Face to Face With A Longhorn

We're hiking along a circular trail through wildflowers, grasses and cockleburs to see "The Johnson Settlement." It's in Johnson City, Texas, and it's where President LBJ's grandfather and great uncle started their cattle droving business during the Civil War.

Before our walk, I'd read where the boys made a fortune off cattle they never owned. They'd find unbranded cattle wandering the Texas plains, herd 'em up and move 'em on to market in Kansas. Along the famed Chisholm Trail.

Easy money.

The wandering cattle came from herds belonging to ranchers off fighting the war. No one was home to herd up and brand the calves, so the babies just grew up on the land, and wandered right into the hands of entrepreneurs like the Johnson boys.

Legal, but still, easy money.

So I'm thinking about those cows and the boys who just whisked them up and sold them, when we walk into a clearing and, voila, the settlement.
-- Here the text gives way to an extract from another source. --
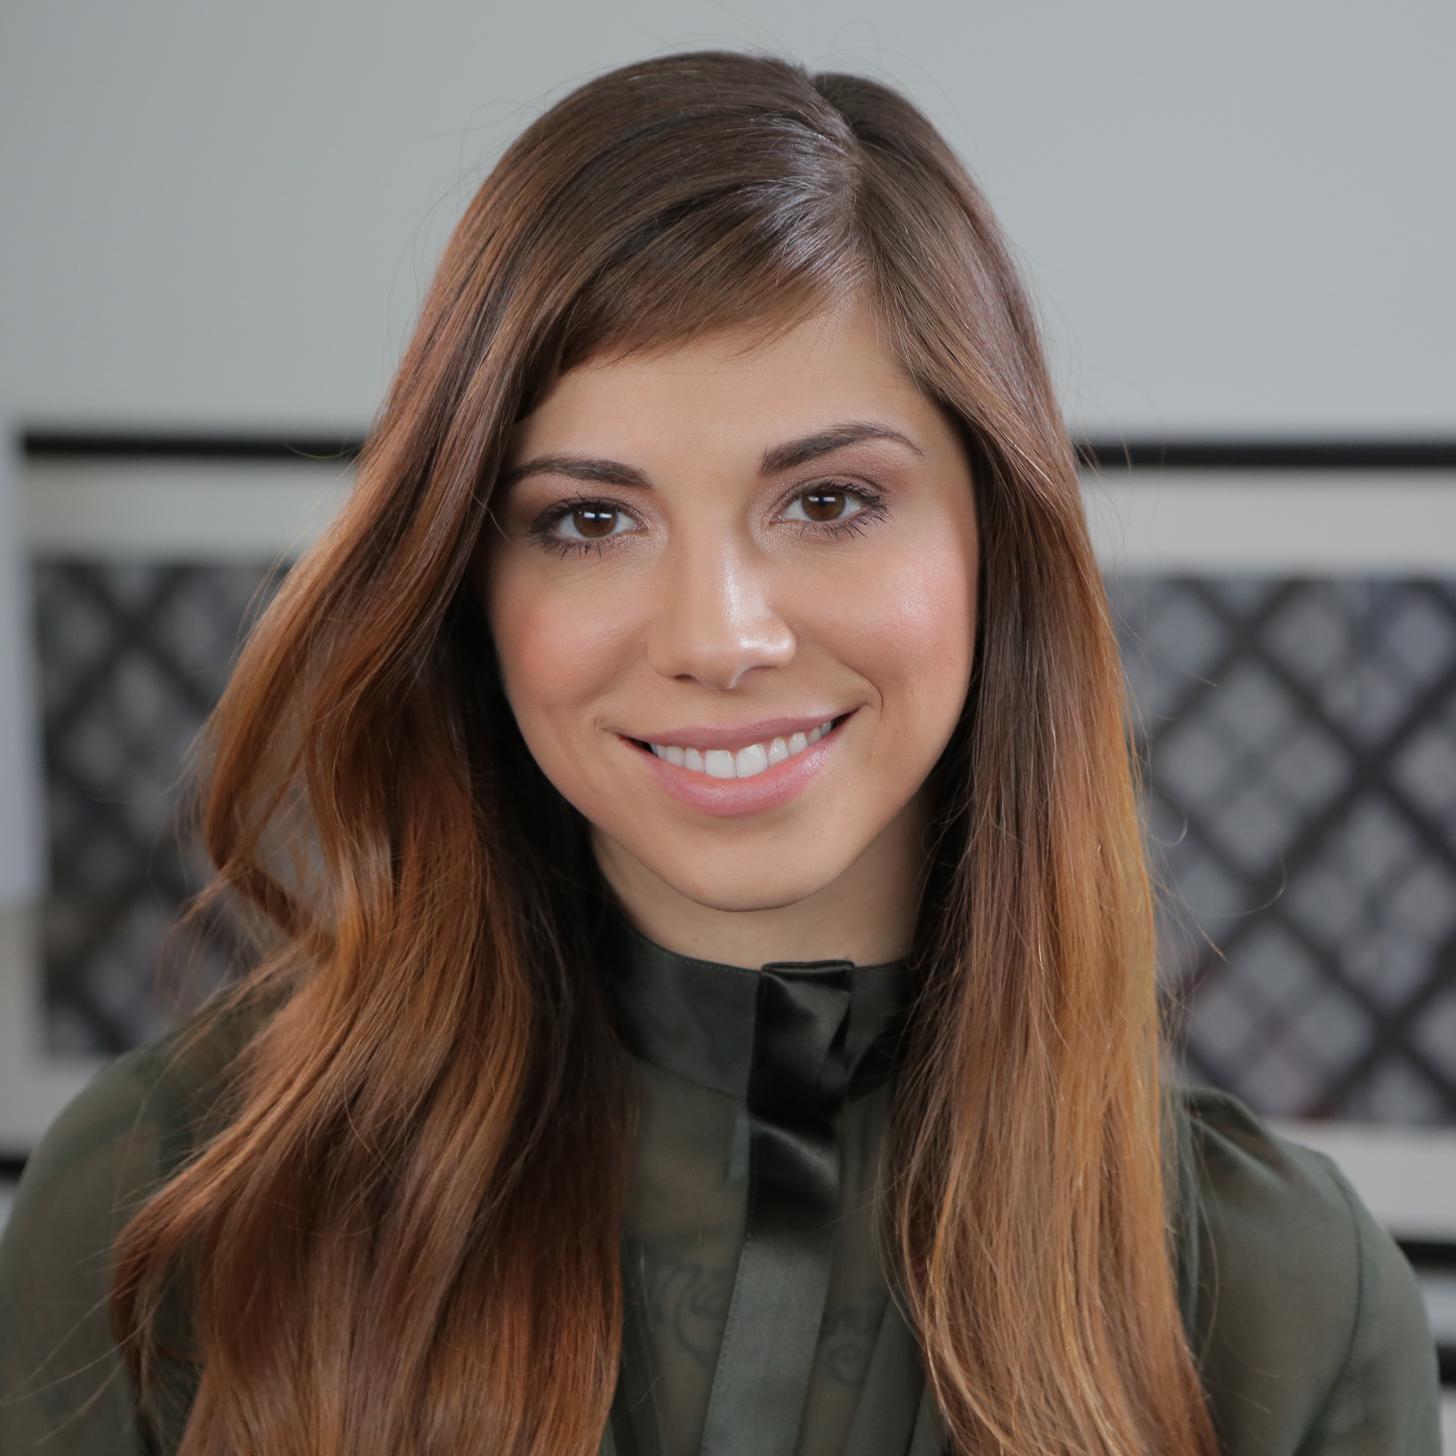 Singer-songwriter Christina Perri - age: 34
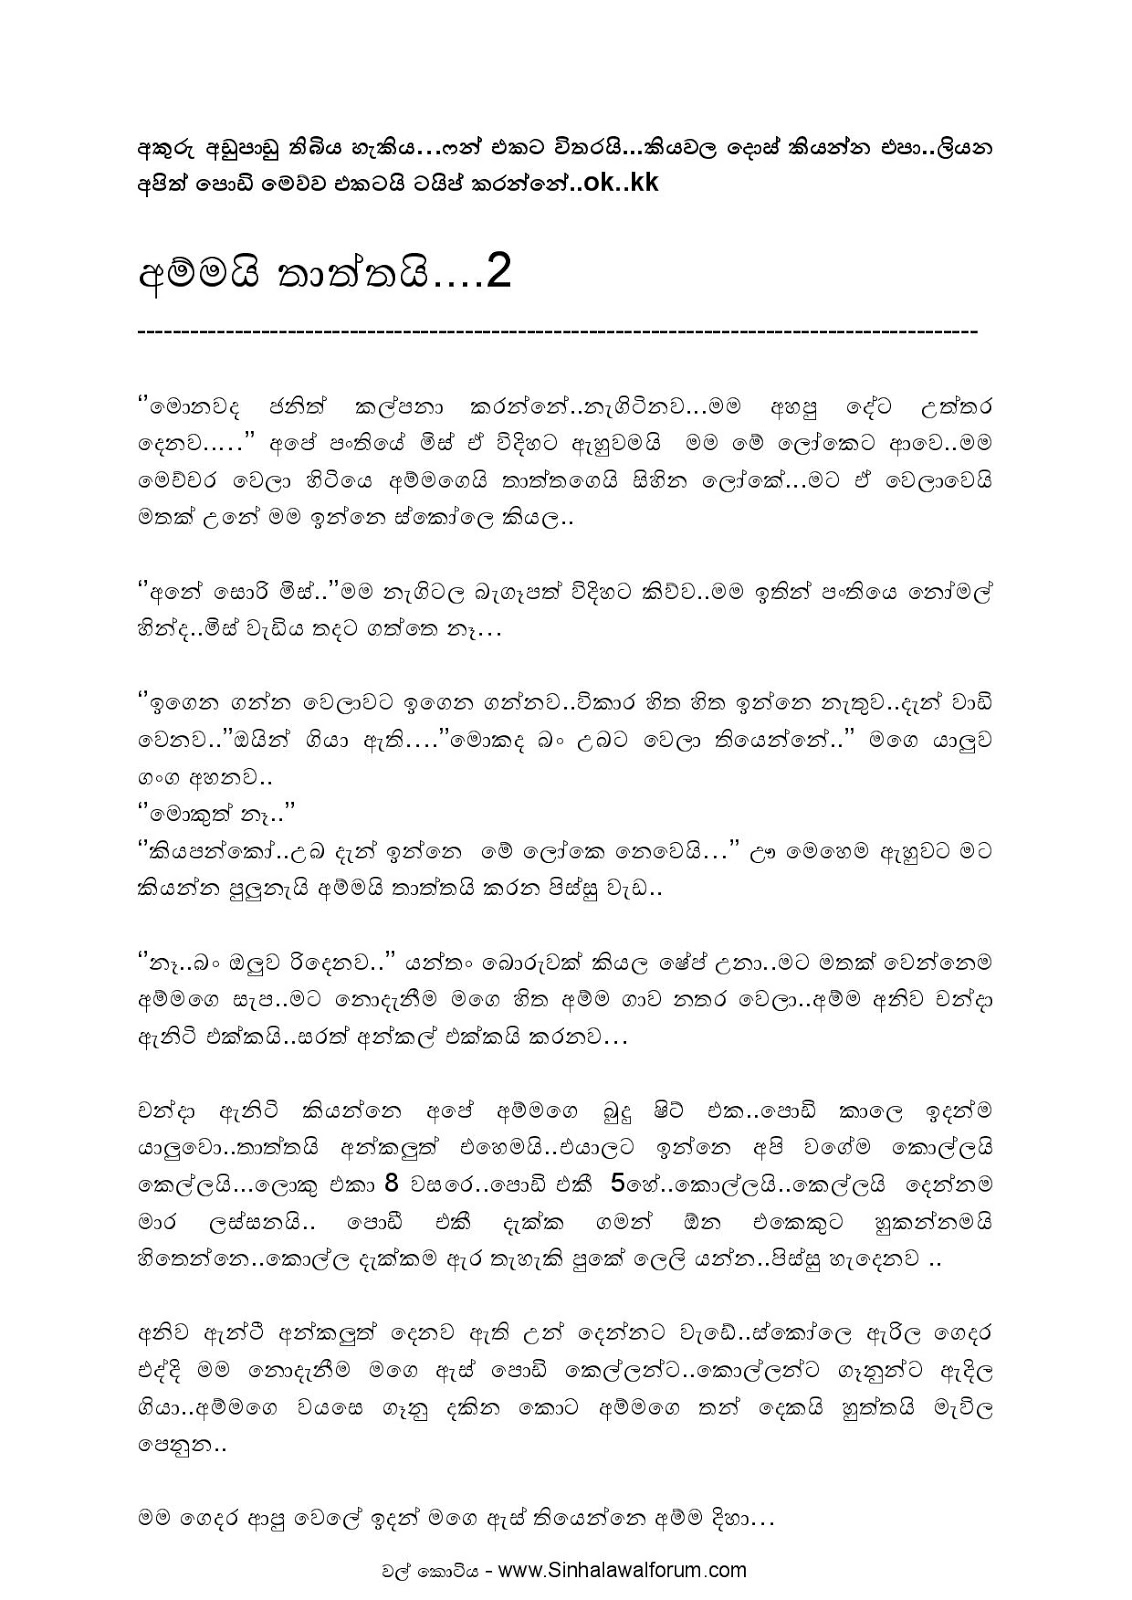 Sinhala Wal Katha Punchi 3 - Modern Home Revolution

We find a log cabin, some barns, a windmill and ... Wow! Two Texas longhorns. Within spittin' distance!

I've never been this close to a longhorn. I'm so close, I could touch them. So I try.

I walk up to the fence, and the black and white guy looks up. I whistle, snap my fingers and put my hand through the fence. And I talk friendly. "Here, boy. Here, boy."

Look! He's walking toward me. Man, those horns are huge! So long!

My dog Jacob, a large standard poodle, steps back away from the fence as the steer gets closer.

"It's OK, Jacob." I assure him.

Then WHAM! MAN! The longhorn slams his left horn right through the fence, and whacks Jacob on the side of the face. Jacob yelps (more startled than hurt) and backs off. I don't back off and WHAM SLAM, the longhorn tries crashing through the fence at me. He maneuvers those massive sabers deftly and bangs my arm briefly as I jerk it away.

Now Jacob and I both jump away from the fence. And the longhorn settles down.

I notice that as long as we keep our distance, he keeps his attitude peaceful. So we keep a big distance.

As we amble far away from the longhorn and through the rest of the settlement, reading historical makers and peering into doors, I start thinking about those Johnson boys. And if they ran across longhorns like the one we just met, then I'm thinking they earned every penny they got.